▶ **DIRECTIONS FOR THIS TASK**
Leave every picture out. Set down all the lines below exactly.

▶ **DATA EXCERPT**
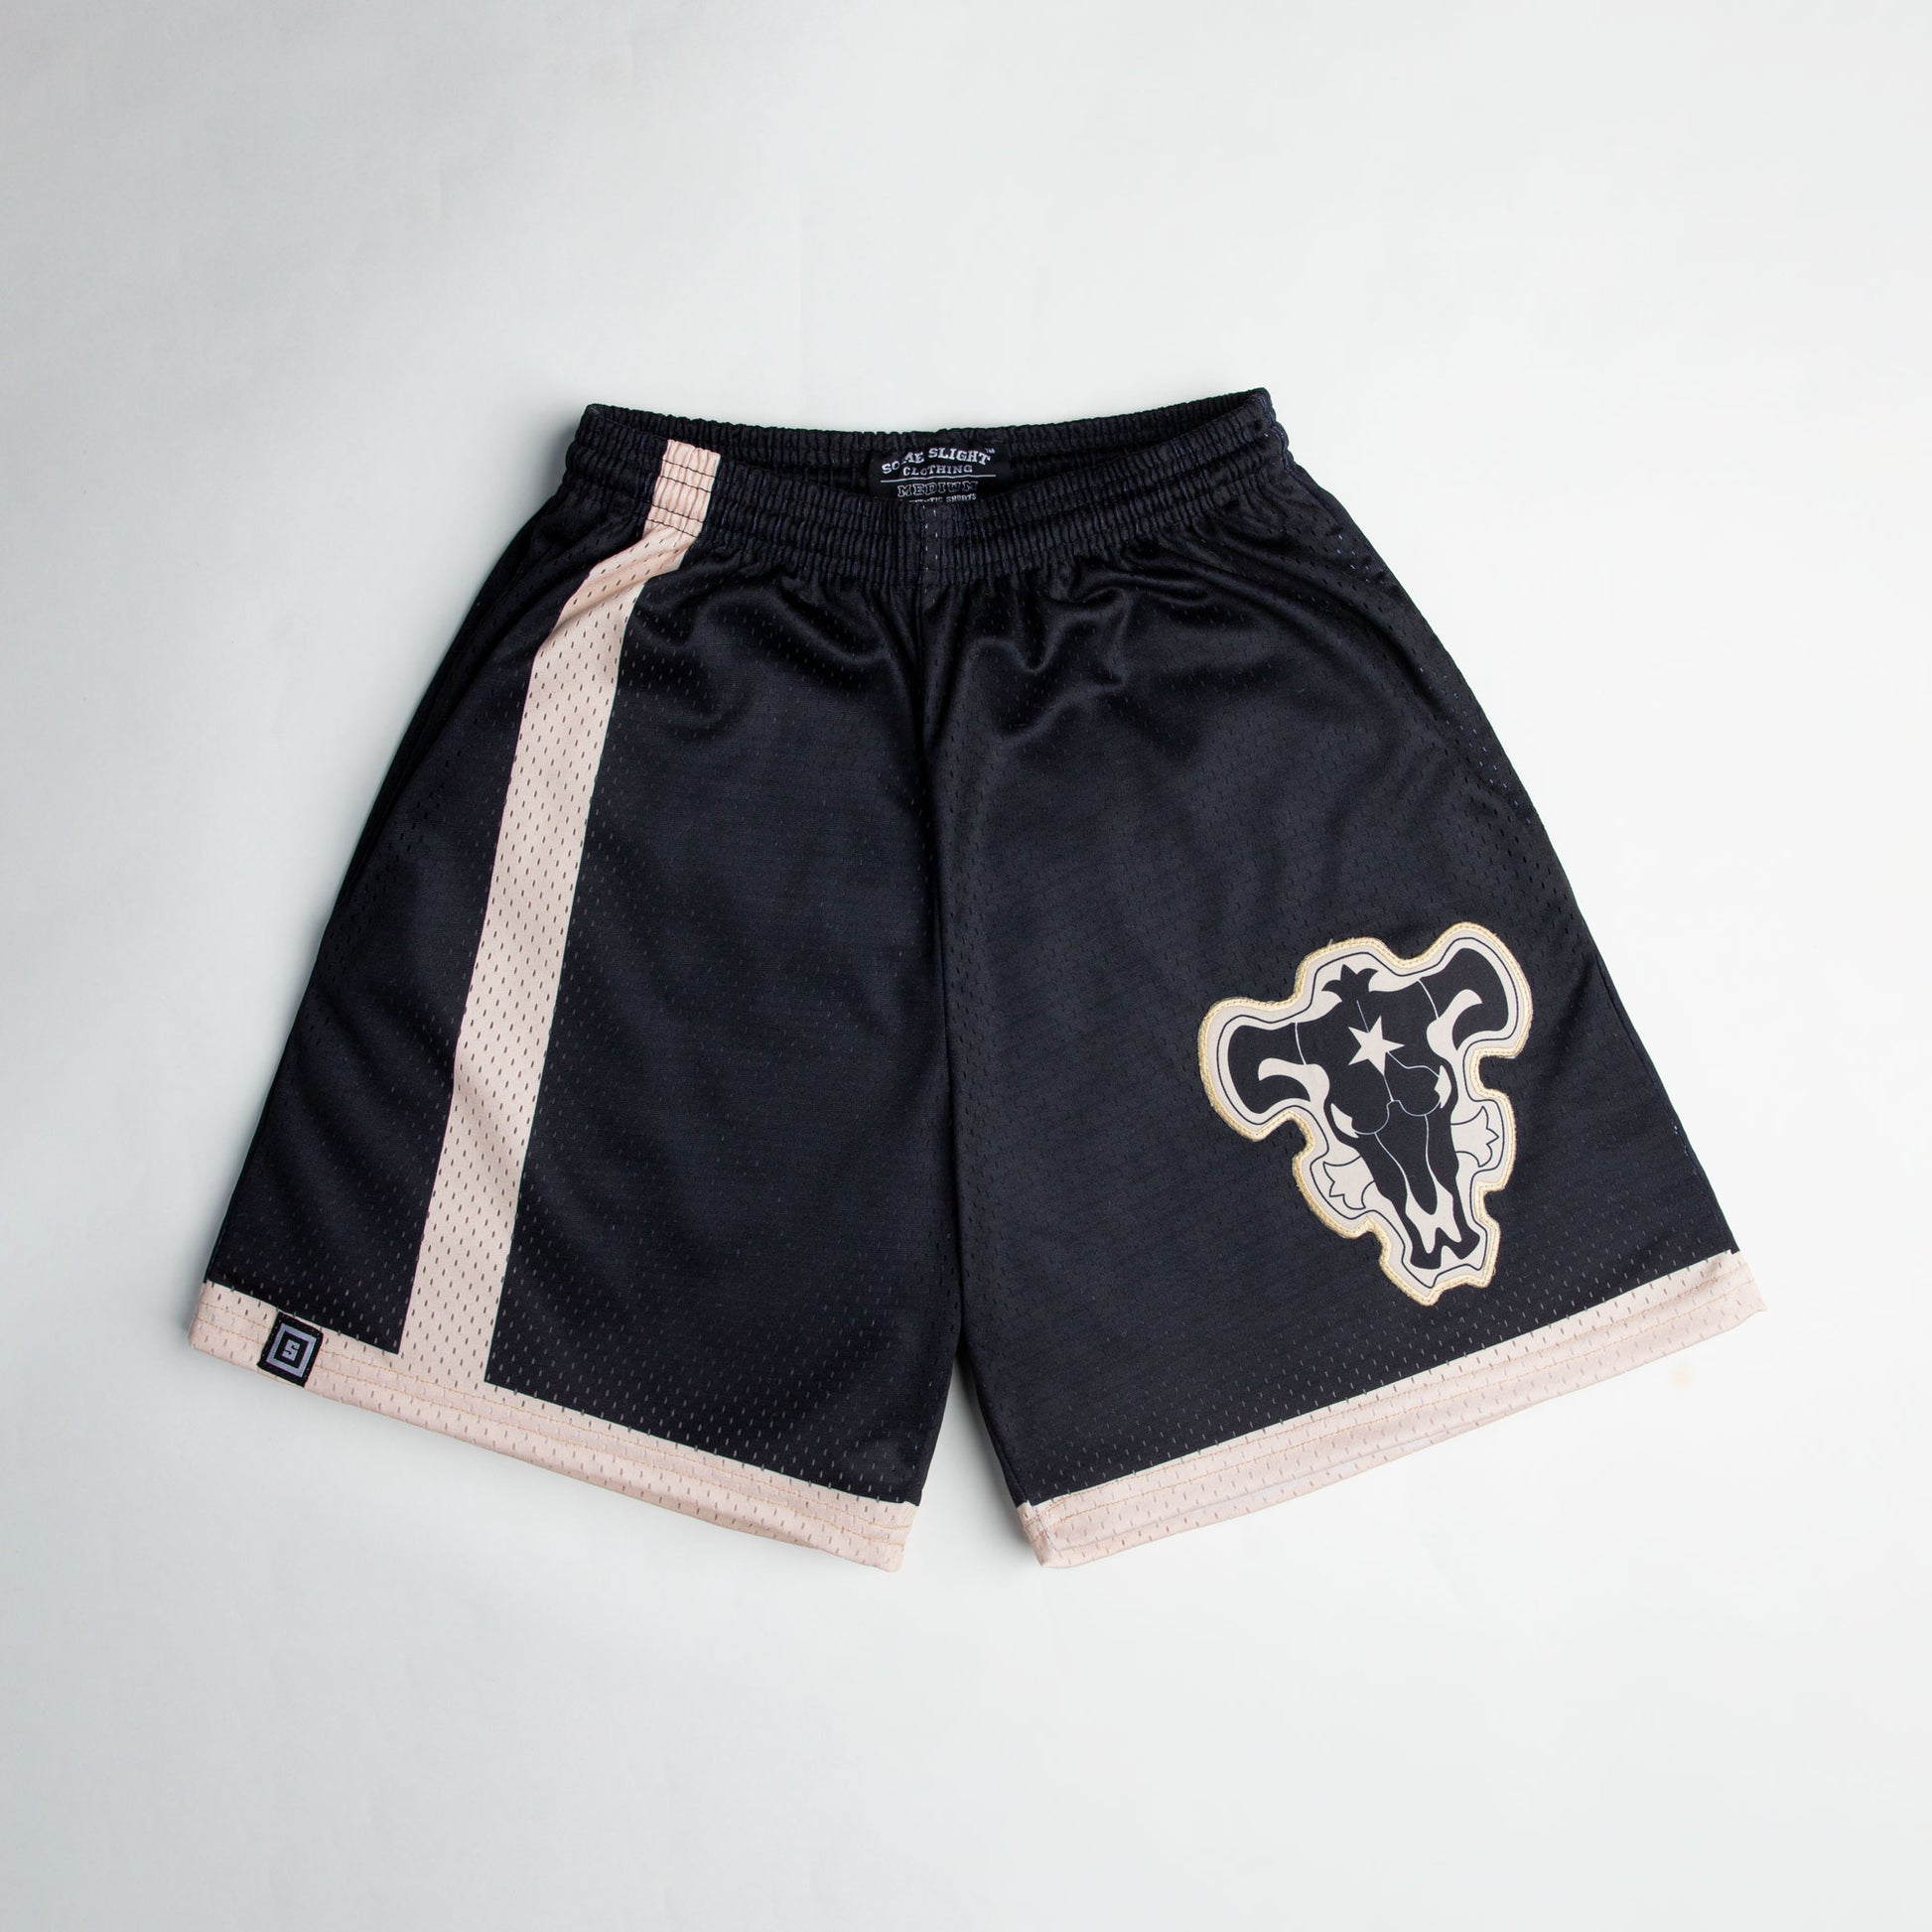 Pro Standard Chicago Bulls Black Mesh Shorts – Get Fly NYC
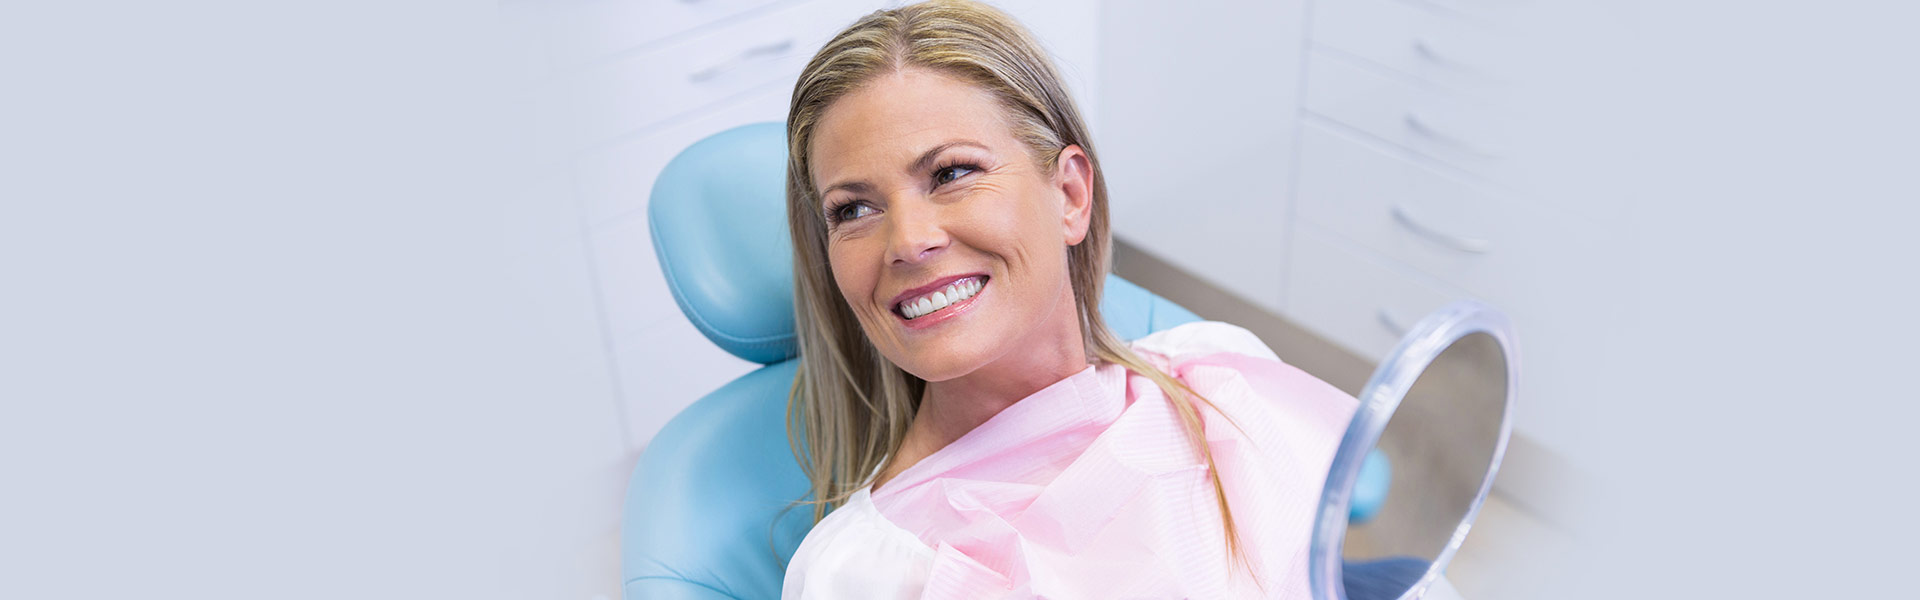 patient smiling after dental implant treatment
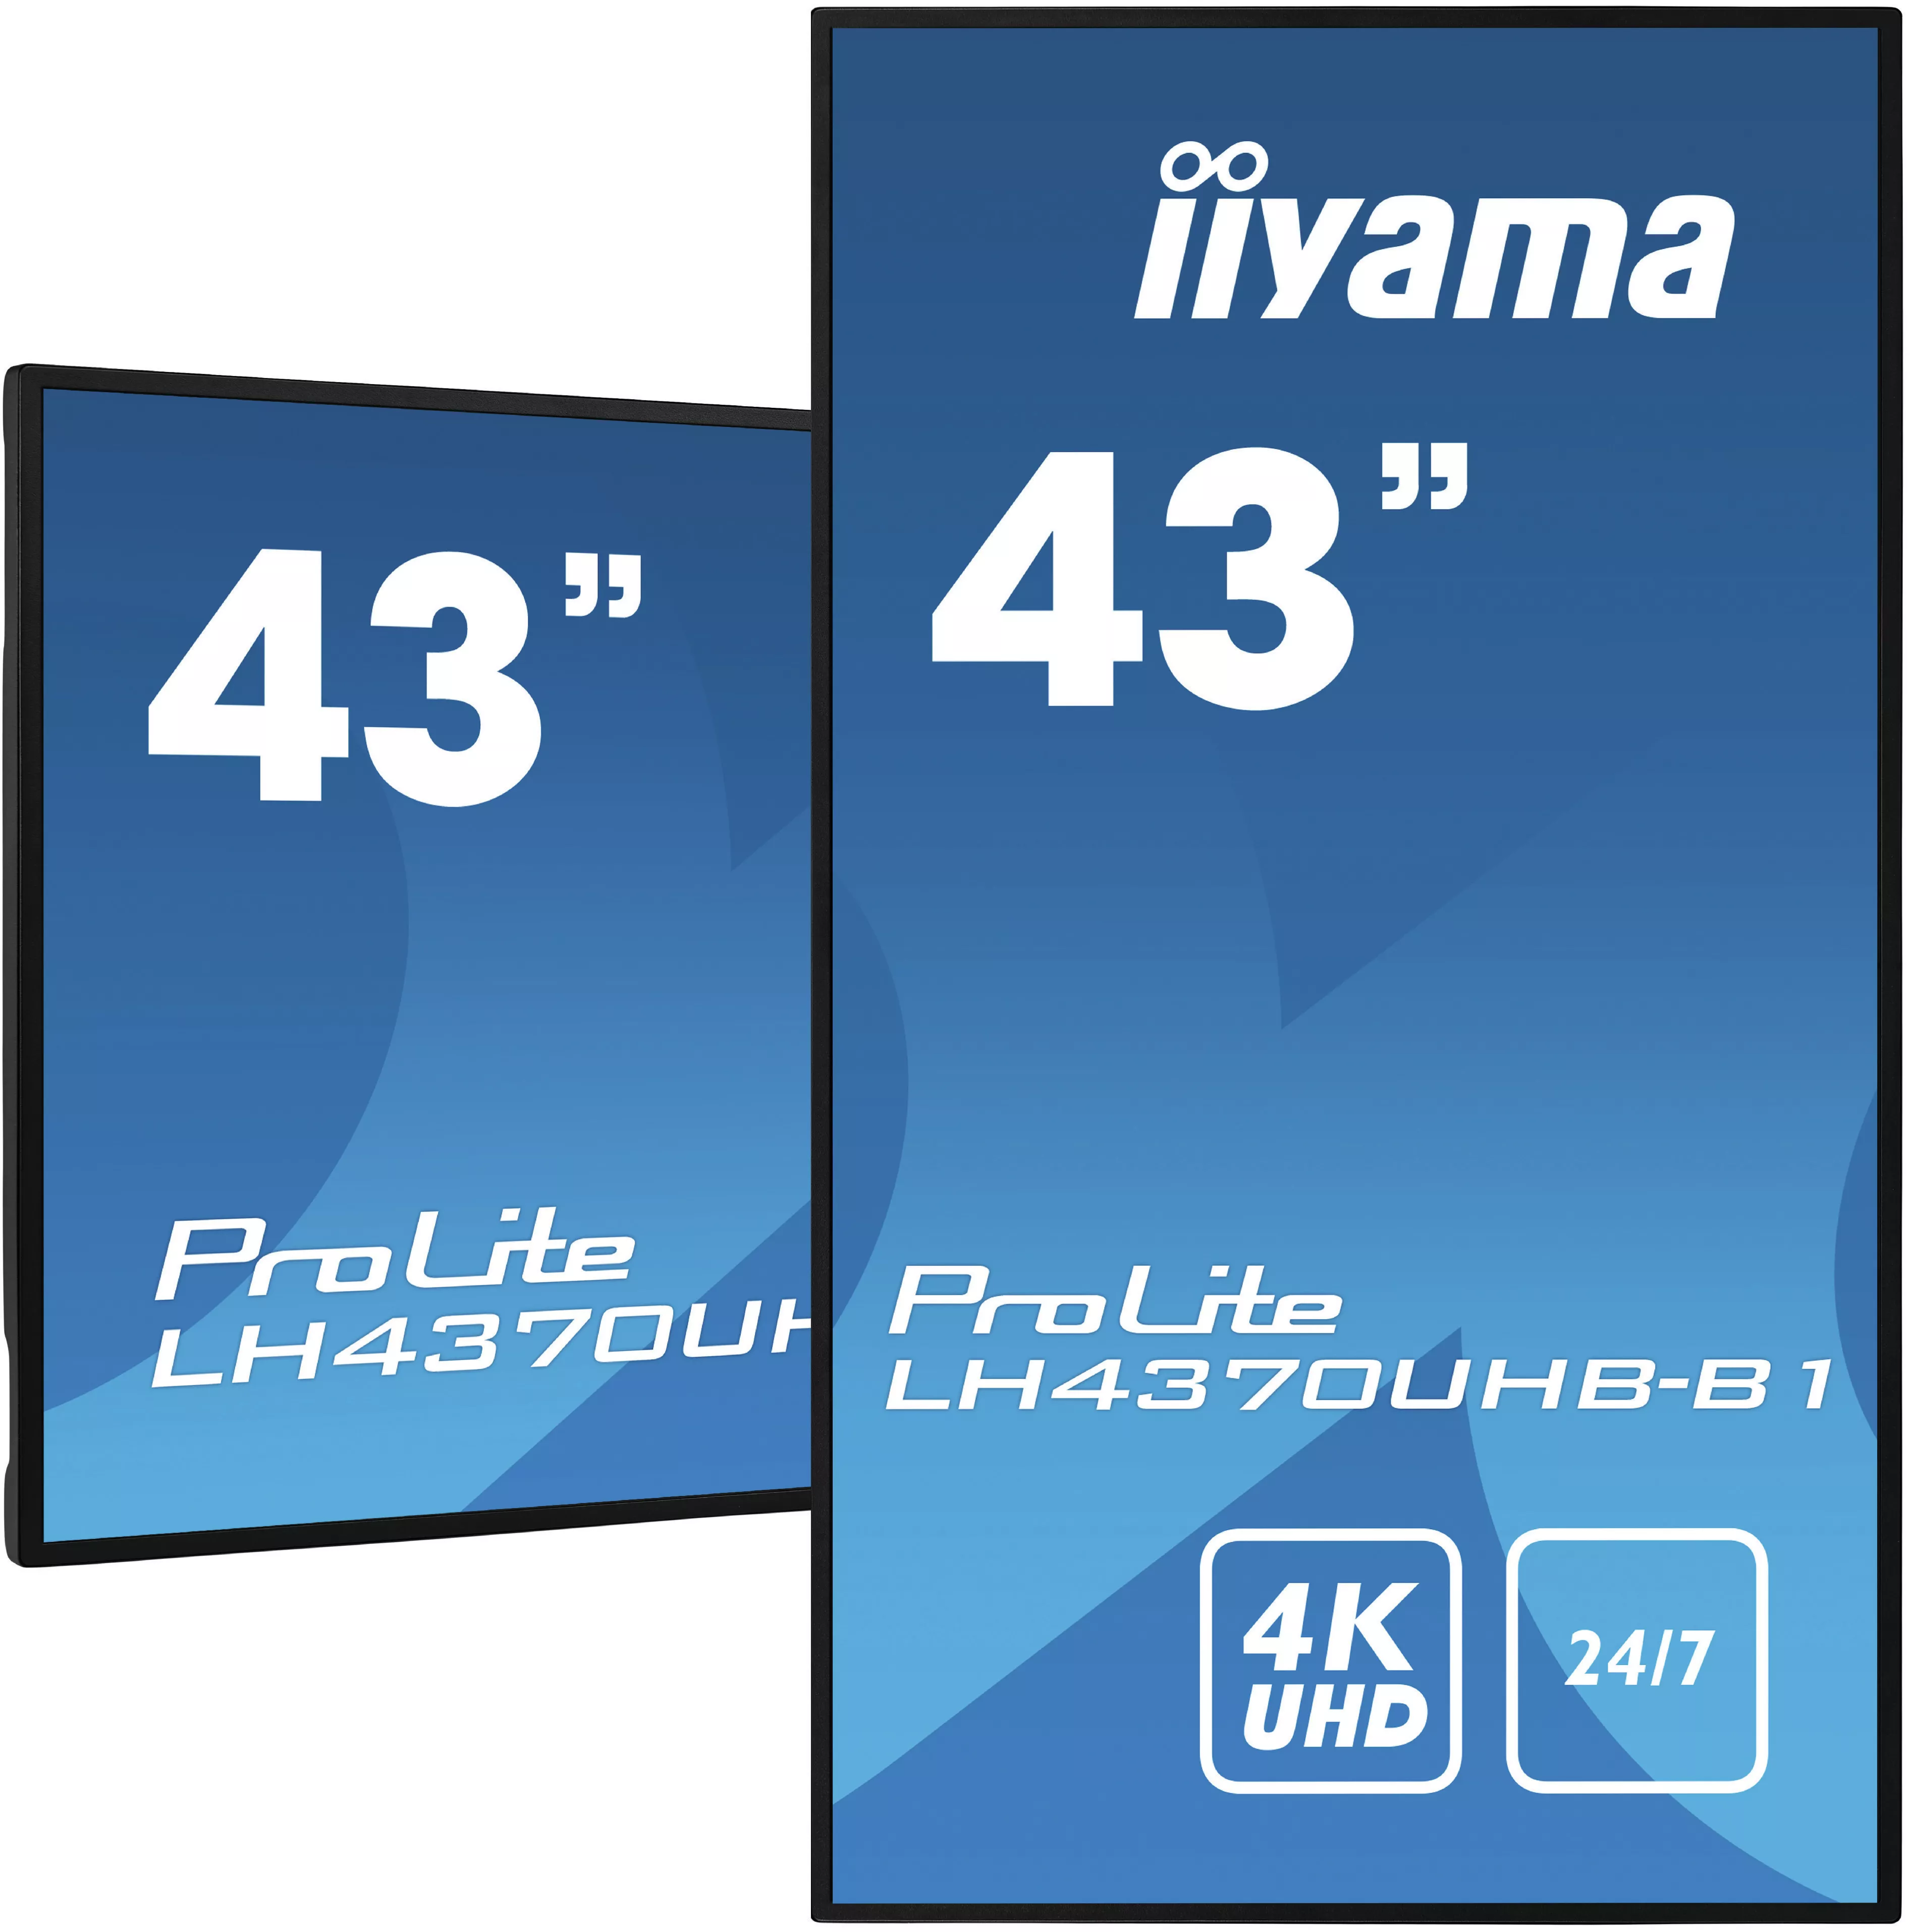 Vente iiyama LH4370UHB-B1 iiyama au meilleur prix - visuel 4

▶ **WRITTEN RESPONSE**
 Pro Standard Chicago Bulls Black Mesh Shorts – Get Fly NYC
 patient smiling after dental implant treatment
 Vente iiyama LH4370UHB-B1 iiyama au meilleur prix - visuel 4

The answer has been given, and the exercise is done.